Feb 26 β€’ 09:11 UTC πŸ‡³πŸ‡΄ Norway Aftenposten

The Oil Fund divested from 58 companies last year

Norway's Oil Fund divested from 58 companies in 2025 due to increased geopolitical tensions, climate change implications, and other market uncertainties.

Norway's Government Pension Fund Global, commonly referred to as the Oil Fund, made the decision to divest from 58 companies during the year 2025, as detailed in its Responsible Management Report. Among these divestments, 17 companies were newly included in the fund’s reference index within the same period. Since 2012, a total of 633 decisions concerning divestments have been recorded. Nicolai Tangen, the fund's chief executive, emphasized that the year was characterized by heightened global uncertainty, influenced by ongoing wars, escalating geopolitical tensions, and shifting political frameworks.
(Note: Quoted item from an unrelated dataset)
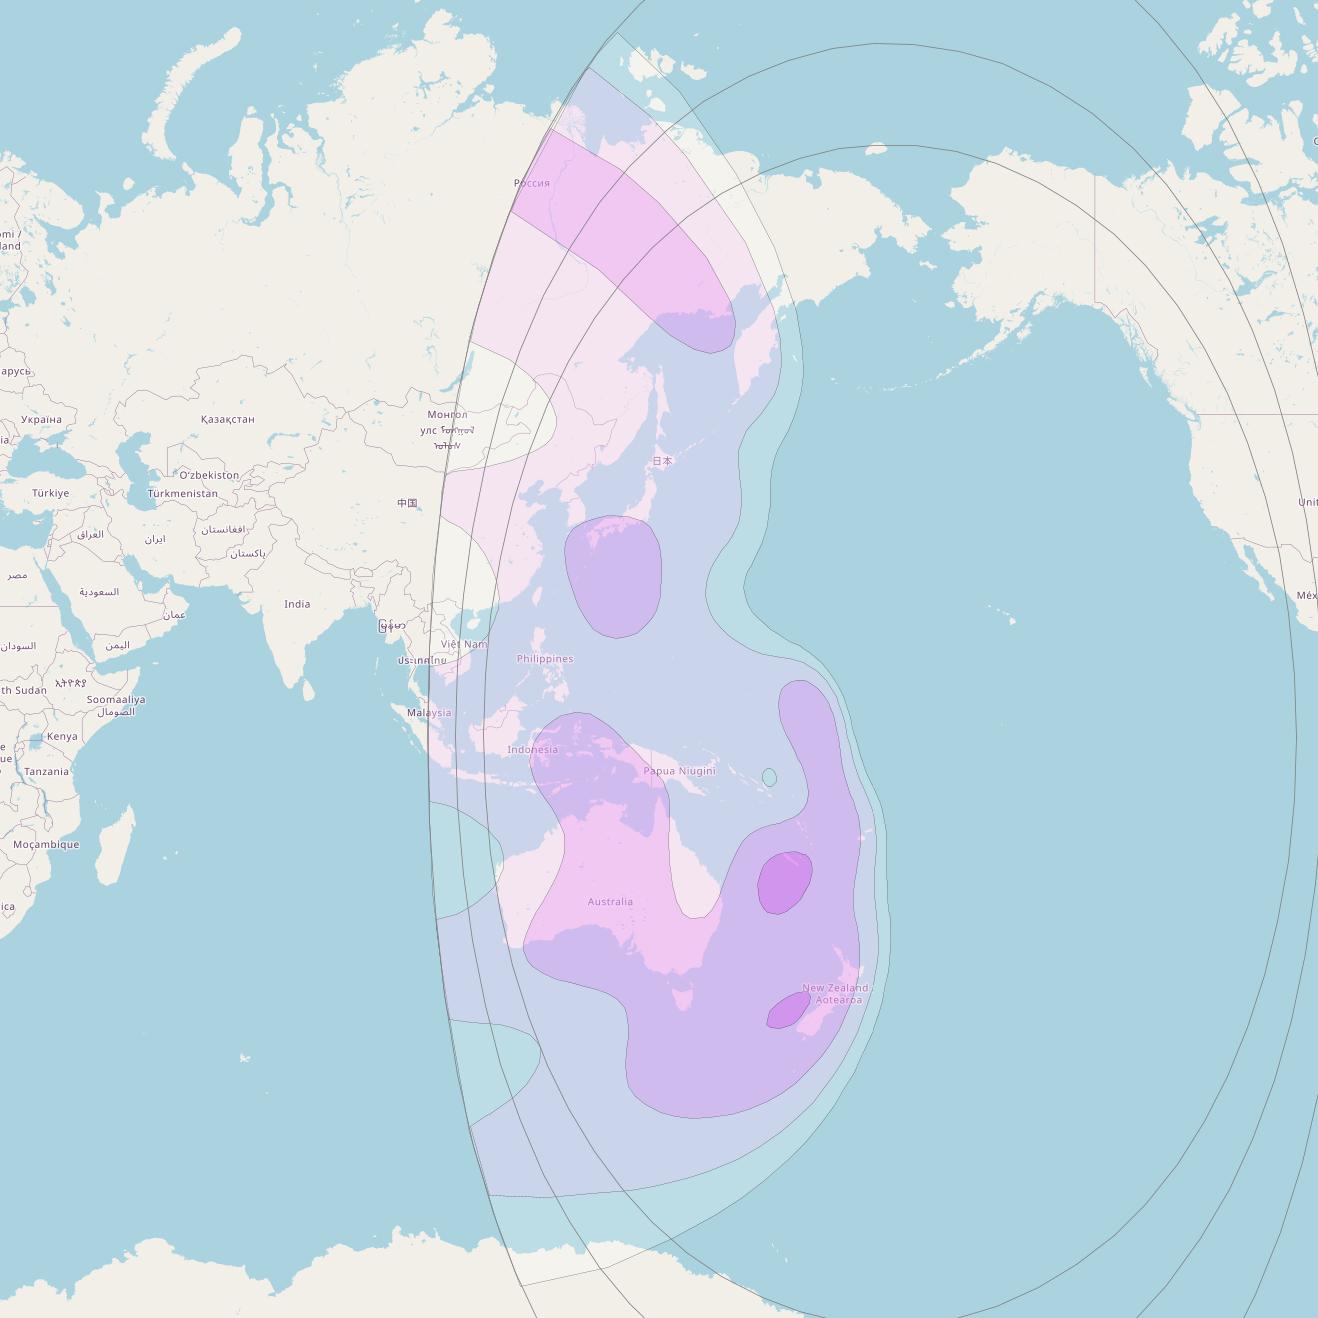 NSS 9 at 177° W downlink C-band West Hemi Beam coverage map

Tangen highlighted the significant impact of rapid technological developments and the tangible effects of climate change on the global economy. The fund held over 3,000 meetings with a total of 1,341 companies last year, indicating its proactive approach to corporate engagement as a major shareholder in 7,201 companies worldwide. The response strategy involves prioritizing engagement with the largest investments or where risks and opportunities are perceived to be most significant, as outlined in the summary report.

Underlining its commitment to responsible investment practices, the Oil Fund's management reflects on the growing complexities in the global market. The divestments from companies reflect not only strategic financial decisions but also a broader consideration of the environmental and social governance practices within the corporate sphere. The report illustrates the fund's adaptability to changing market conditions while maintaining its focus on sustainability and responsible investing.